Travis-CI	No Travis.
coveralls test coverage	No coveralls.

            # Instruction Residuals

[![PyPI version](https://badge.fury.io/py/residuals.svg)](https://badge.fury.io/py/residuals)
[![Python 3.8+](https://img.shields.io/badge/python-3.9+-blue.svg)](https://www.python.org/downloads/)
[![License: MIT](https://img.shields.io/badge/License-MIT-yellow.svg)](https://opensource.org/licenses/MIT)

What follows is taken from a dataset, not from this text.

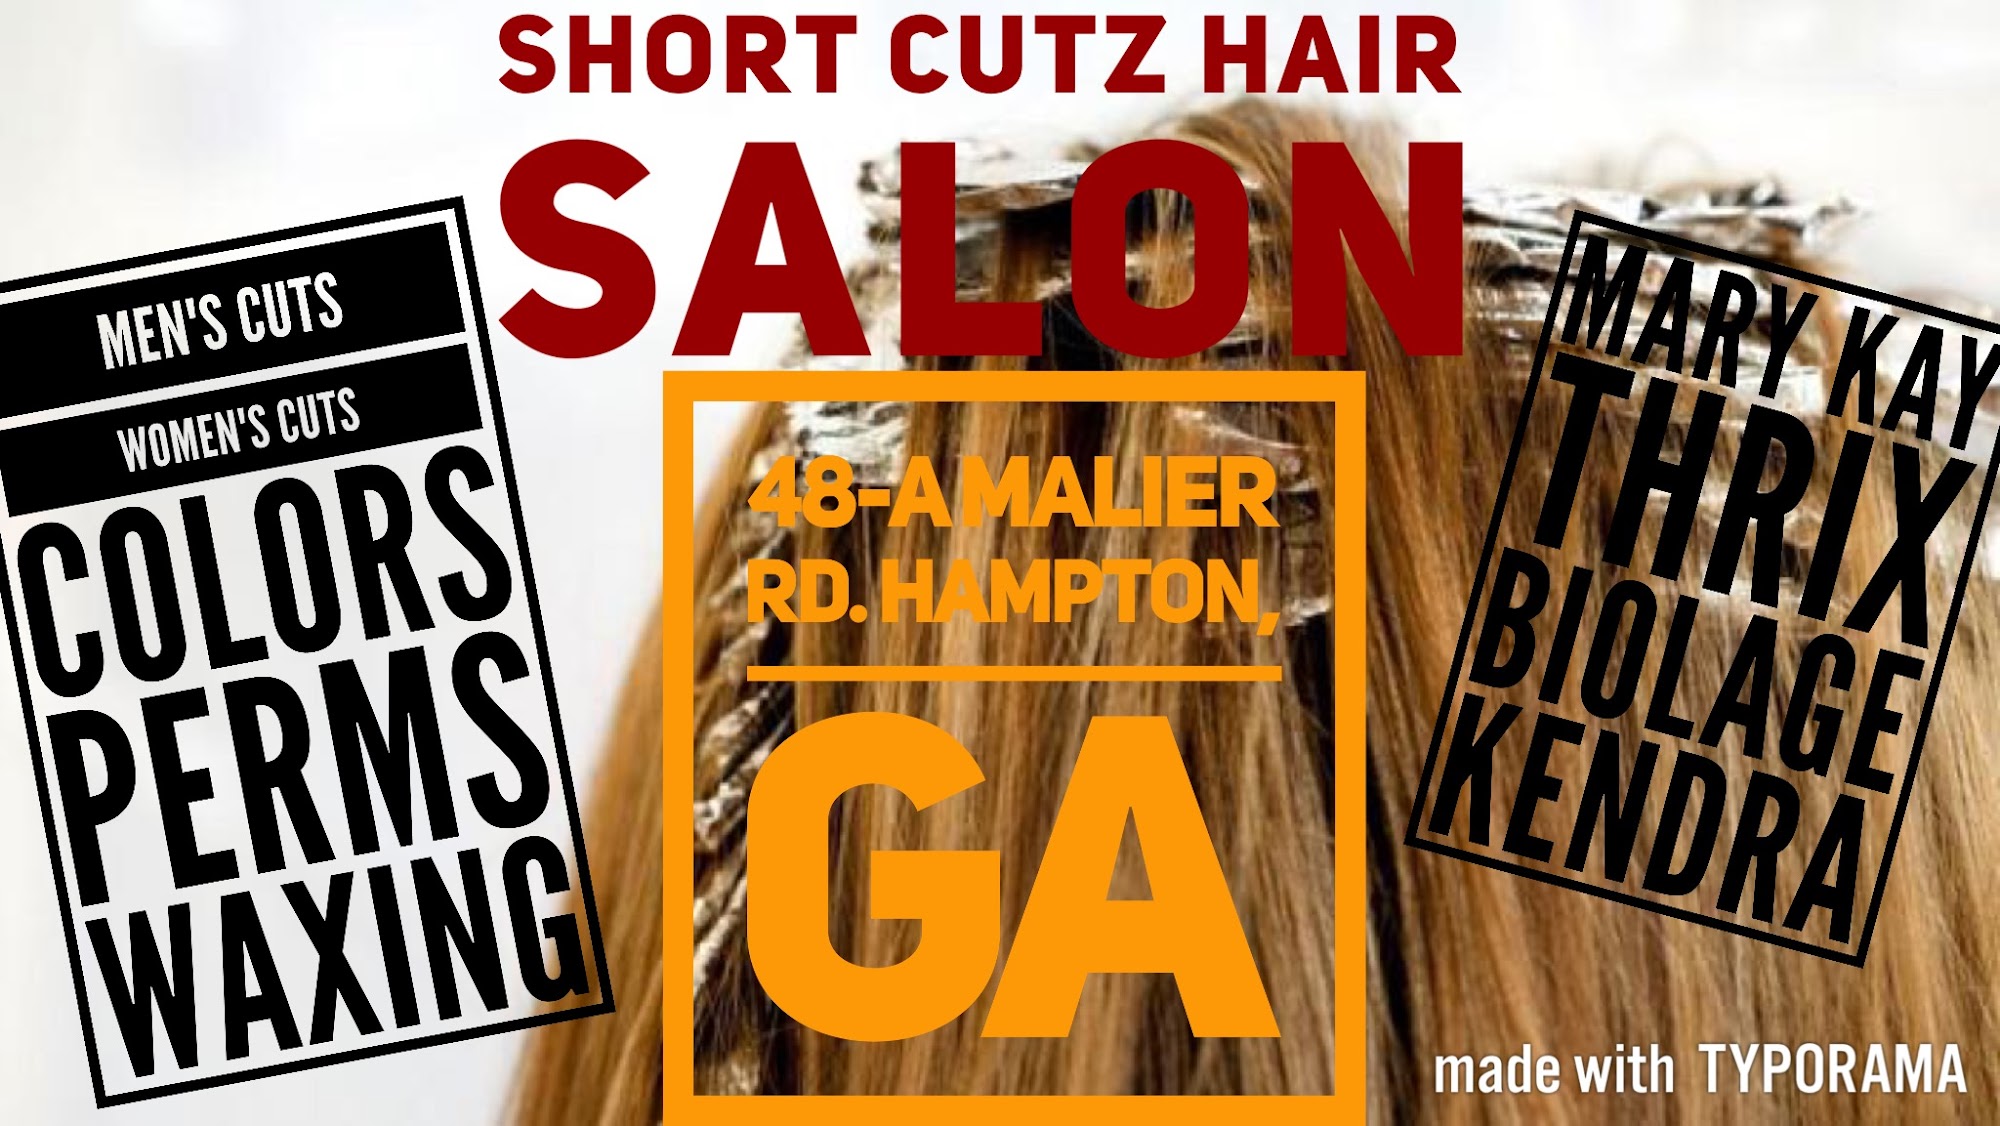 Short Cutz Hair Salon 48-A Malier Rd, Hampton Georgia 30228
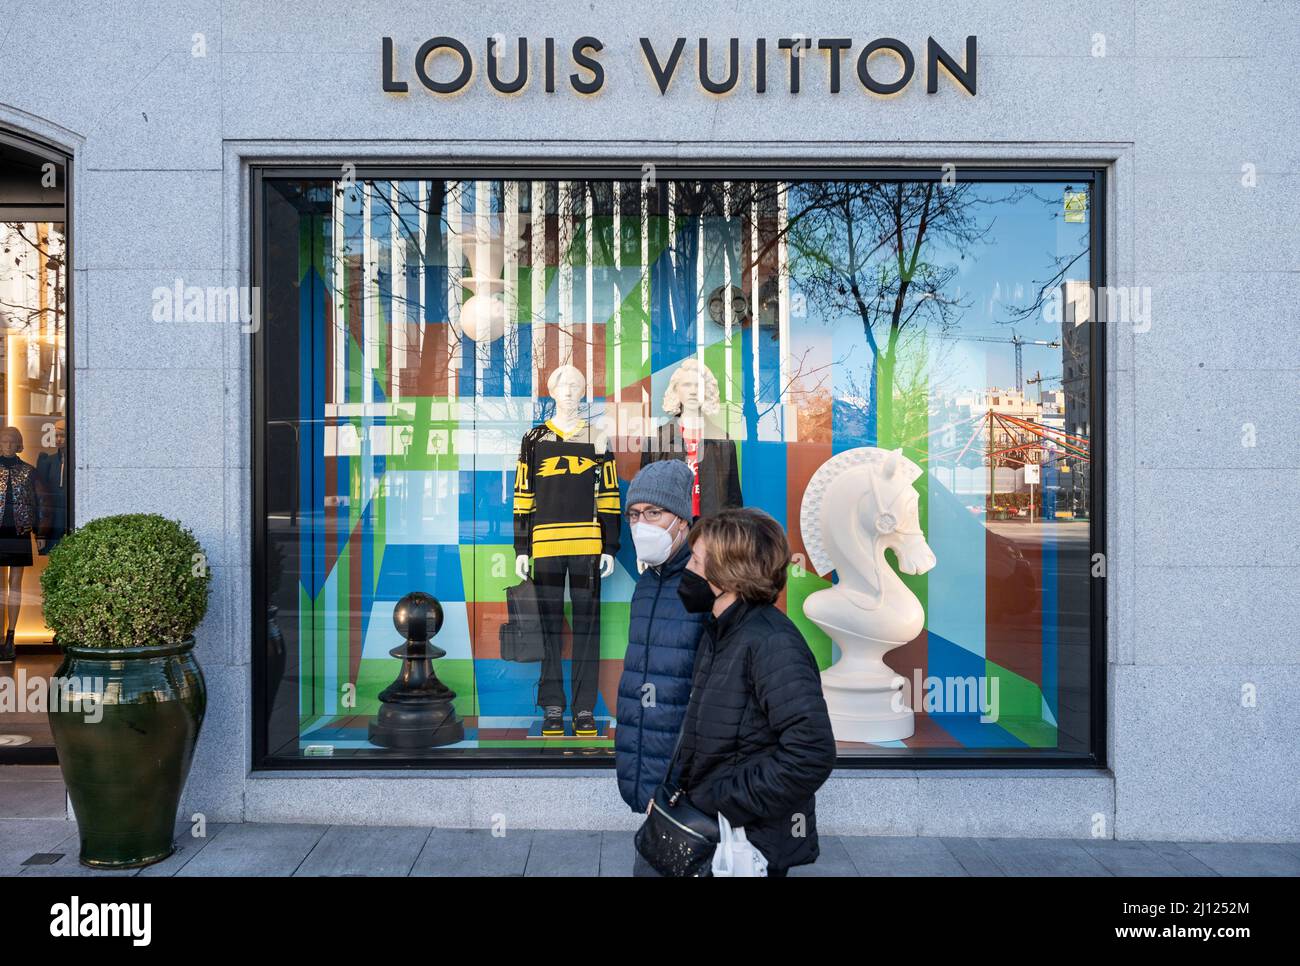 Yayoi Kusama Louis Vuitton - NY July 2012 via Beautiful Window Displays

A lightweight Python package implementing **instruction residuals** (task vectors) for efficient LLM continuous pre-training, based on the methodology from Samsung Research's 2024 paper and the task arithmetic paradigm.

## Overview

Extract instruction capabilities from instruction-tuned models, continue pre-training on domain data, then instantly restore instruction-following abilities—**~2000x more compute-efficient** than full instruction fine-tuning.

### Key Benefits

- **Instruction capabilities are portable** across models from the same family  
- **CPT on instruction models causes catastrophic forgetting** of instruction abilities which this technique mitigates  
- **CPT on base models** preserves knowledge when residuals are reapplied to regain SFT capabilities 
- **No additional instruction tuning needed** after CPT  
- **~2000x more compute-efficient** than full instruction fine-tuning

## Installation

### Using uv (recommended)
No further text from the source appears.